Вывод? Раз нельзя спуститься на Никин уровень, нужно постепенно приучить ее к своему, обеспечить ей нормальный стандарт жизни. Человек быстро привыкает к хорошему и потом уже не может без этого обходиться. Не копеечничать, жить в красивой и удобной квартире, ездить на классной тачке, избавиться от мелких бытовых хлопот – все эти условия комфортного существования президенту Фонда были гарантированы. Но тут возникли неожиданные проблемы. От горничной, хоть ее услуги оплачивал секретариат, Ника отказалась – видите ли, любит у себя дома наводить чистоту сама. Безлимитной представительской карточкой, которой можно оплачивать хоть туалеты, хоть рестораны, хоть салоны с массажами, вообще не пользовалась. Потом взбунтовалась против «мерса», тюнинг которого Берзин заказывал сам, любовно. В общем, подтянуть Нику к своему образу жизни пока не очень получалось. Но ничего, вода камень точит.

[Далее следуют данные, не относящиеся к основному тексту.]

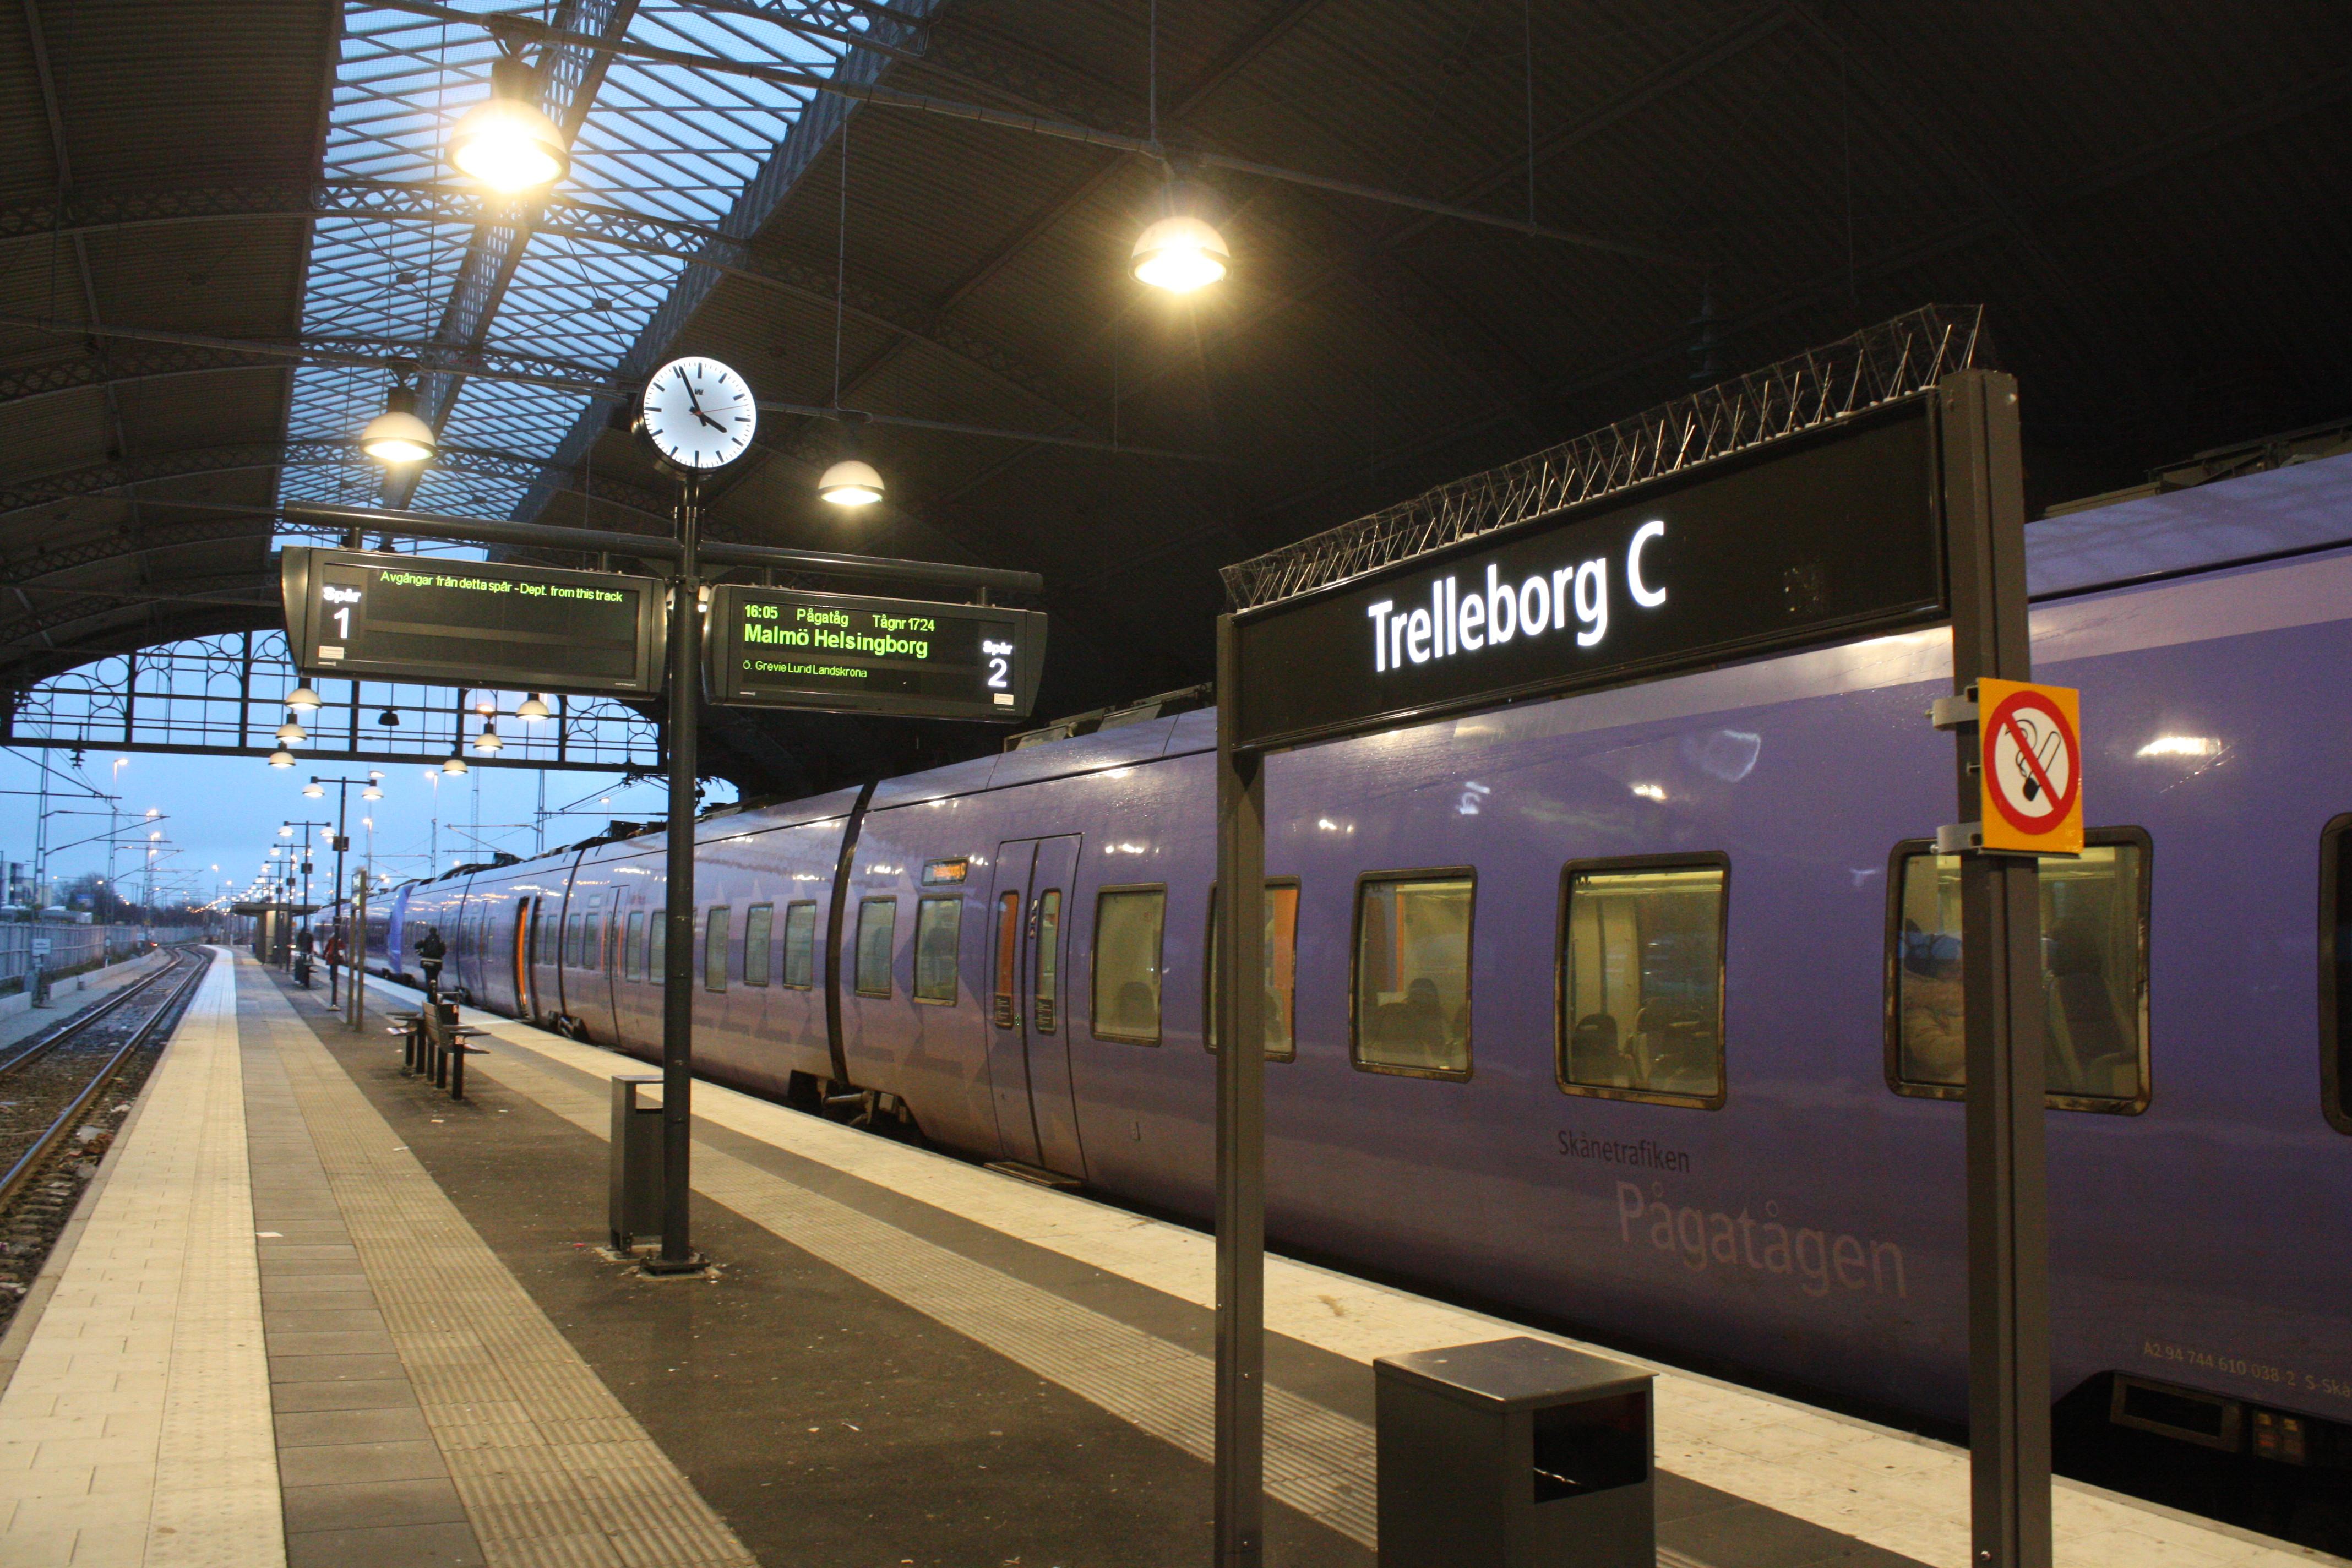 Filetrelleborg Centralstation 2jpg Wikimedia Commons

Зато с кругом общения всё складывалось в лучшем виде. Пока Нику окружали ее ботанистые друзья и подружки, Стасу в этой гоп-компании места не было. Хорошо хоть не пришлось какого-нибудь сопливого бойфренда отваживать (служба безопасности доложила, что у объекта никого нет и в обозримом прошлом не было). Тем не менее господа волонтеры, с которыми Ника проводила всё рабочее и свободное время, сердечным планам Берзина конкретно мешали. Однако стоило девочке заикнуться о зарубежном опыте, как сразу же пришло решение. Стас сделал вид, что ужасно недоволен командировкой, но внутренне возликовал. За целый год связи Ники с ее окружением ослабнут, а сам он будет к ней периодически наведываться. От скуки, от дефицита общения (старичье не в счет) она сама к нему потянется – закон сохранения массы вещества: ежели где убудет несколько материи, то умножится в другом месте.

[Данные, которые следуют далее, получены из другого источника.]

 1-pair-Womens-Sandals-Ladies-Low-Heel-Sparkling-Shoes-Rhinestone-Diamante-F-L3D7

Всё в этом варианте отлично рифмовалось. «Времена года» у Стаса давно в активе; Ника когда-то учила французский; стажировка поможет ей в профессиональном смысле; и летать до Нормандии недолго. Если до этого момента Берзин еще колебался, какую систему взять за образец, американскую или французскую, то теперь сомнения отпали. Конечно, французскую. В перспективе она лучше подходит для наших реалий, потому что предусматривает бльшую роль государства. Тоже, между прочим, рифма – если в будущем прицеливаться на создание естественной монополии типа РЖД, «Газпрома» или РАО ЕЭС.

Истинный масштаб своих намерений Стас раскрывал перед Никой постепенно. Женщины боятся гигантизма, это в них инстинктивное, но в то же время ценят в мужчинах широту.

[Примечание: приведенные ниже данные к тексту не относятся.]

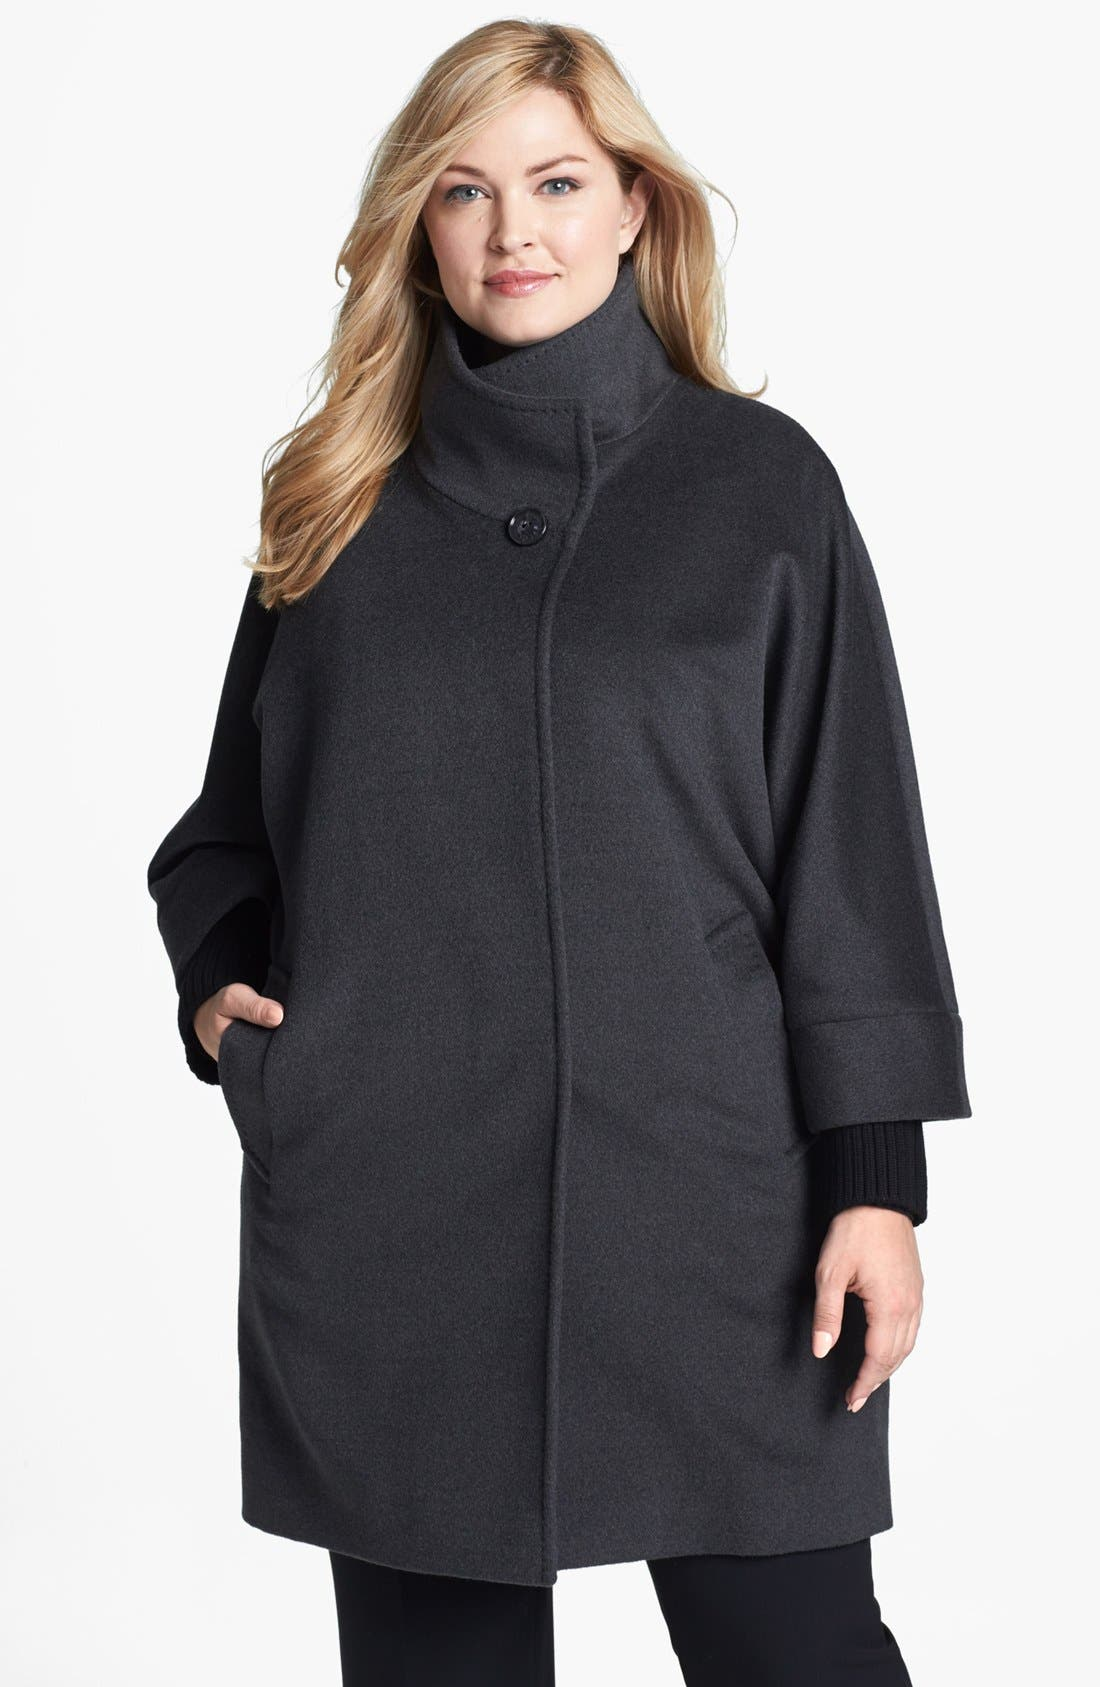 Main Image - Cinzia Rocca Knit Cuff Wool Car Coat (Plus Size)

Чего-чего, а широты в берзинских планах хватало.

Такие, как Ника, вранья не прощают, поэтому он был с ней откровенен, но, конечно, во все детали идеалистку не посвящал. Зачем ей, например, влезать в технические подробности расхода «смазочных материалов», без которых в России – особенности национального бизнеса – ни одно дело не пройдет через официальные инстанции?

Совершенно ни к чему было рассказывать Нике и о субпроекте «Конкурент». Предвидя грядущие проблемы с антимонопольным законодательством, Берзин готовил запуск еще одного фонда, который создаст альтернативную систему «хоумов», уже не по французскому, а по американскому образцу. Что оба растения питаются от одного корня, никому, даже Нике, знать не нужно. Потом, когда государство возьмет дело под свое крыло, мезоны и хоумы сольются, а председателем правления выберут Станислава Берзина. К тому времени он уже войдет в суперлигу – и по общественному весу, и по финансовым параметрам. Как раз лет сорок пять ему будет, самый возраст.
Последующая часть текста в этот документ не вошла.